ガーナ人男性の生活保護訴訟、担当弁護士が語る裁判の狙いとは

ネット上の批判「予想していた」
ライター/SAKISIRU編集部

外国人であることを理由とした生活保護申請の却下は生活保護法違反だとして、千葉市在住のガーナ人男性が今月14日、行政に処分見直しを求める訴訟を千葉地裁に起こした。

このニュースを受け、ネット上では「こんなのを認めたら、日本は働かない外国人だらけになる」「日本をなめるな」「いったん帰国して、健康になってから日本に留学するべき」といった主に批判の声が多数寄せられている。

※画像はイメージです(Pheelings Media /iStock)

生活保護法の第一条に「国が生活に困窮するすべての国民に対し」と記載されている。条文を読む限りでは、無理筋だと思える裁判だが、弁護士はどのような狙いで訴訟に打って出たのか。そして、勝算はどのくらいあるのだろうか。この裁判の弁護を担当する及川智志弁護士に聞いた。

及川弁護士は、裁判の狙いについて次のように語る。

「もちろん、裁判ですから勝つことが目的です。ただ、簡単ではないことは初めから分かっていますし、勝てたとしても相当長い時間がかかるでしょう。ただ、やらざるを得ないんですね。生活保護を受けられないと、このガーナ人男性は生きていくことができない。もう一つは、今回の裁判はこの原告だけの問題ではないということです。全国的に、コロナ禍で仕事を失い、だけど母国に帰れない外国人が急増しています。そうした人たちが生活保護を受けられるかというと、現行の法律では難しい。この裁判は、日本に外国人が増える中、生活保護法は現状のままで良いのですかという問題提起のためのものでもあります」

ネット上では、「ガーナ大使館に頼れないのか」といった意見も多数寄せされている。もちろん、このガーナ人男性やその支援者たちもガーナ大使館には相談に行った。しかし、具体的な支援には結びつかなかったのだそう。

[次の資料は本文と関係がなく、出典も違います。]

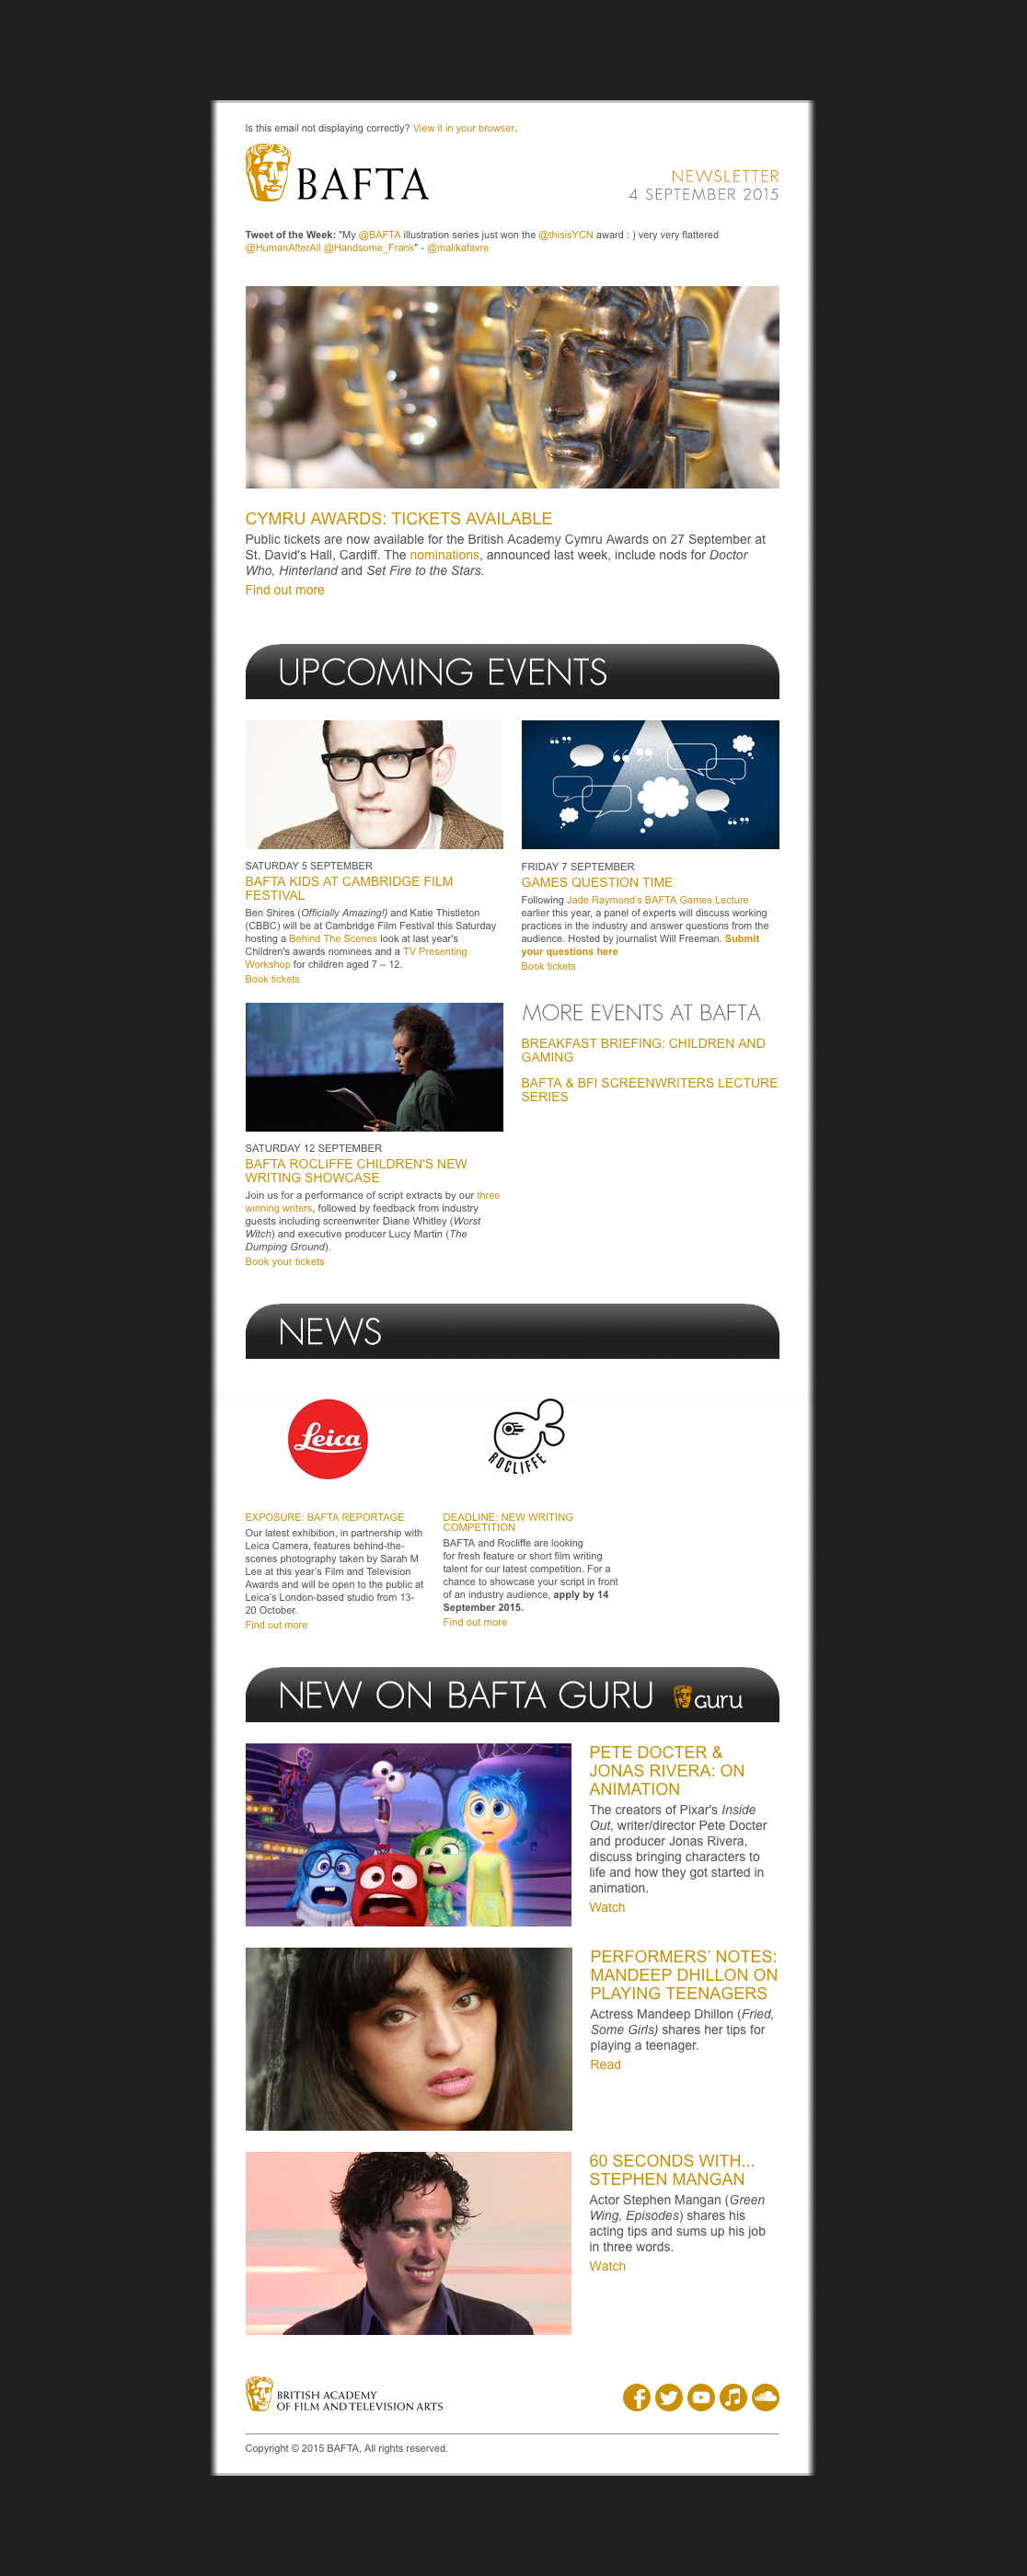 bafta HTML email marketing

「もともと大使館というのは、生活保障をするようなところではないのでやむを得ない側面はあります。ガーナ大使館からも支援を受けられない、生活保護も受けられないということで、支援者の方が困ってしまって、私のところに相談に来られました」(及川弁護士)

画像はイメージです(y-studio /iStock)

裁判について、ネット上で批判の声が多数寄せられるであろうことは「予想していた」と及川弁護士は述べる。

反発の声が寄せられることは予想していました。そう思う人が多いのも仕方がないところもあります。ただ、ネット上での意見だけがすべてだと思いません。この裁判は、日本が外国人の“人として生きる権利”を認める国なのかそうではないのかを問う裁判でもあります。一人でも多くの方にこの裁判の存在を知っていただき、少しでも支援者が増えてくれたらと思っています

確かに、日本が外国人の“人として生きる権利”を認めない国と外国に見られてしまえば、ただでさえ低下しつつある国際社会での日本の地位は一層低くなってしまうだろう。政府は外国から優秀な人材に来てもらおうとさまざまな施策を講じているが、外国人から選ばれない国になってしまっても仕方がない。とはいえ、生活保護の範疇を全外国人に拡大してしまえば、日本の財政は一体どうなってしまうのかという不安は付きまとう。

どちらにせよ、この裁判は長引くと思っています。一審でこちらの訴えが認められれば良いのですが、そう簡単ではないでしょうし、そうなった場合は当然、相手側は控訴してきます。最終的には最高裁まで争うことになるでしょう」(及川弁護士)

来年1月には第1回口頭弁論が行われる予定だという。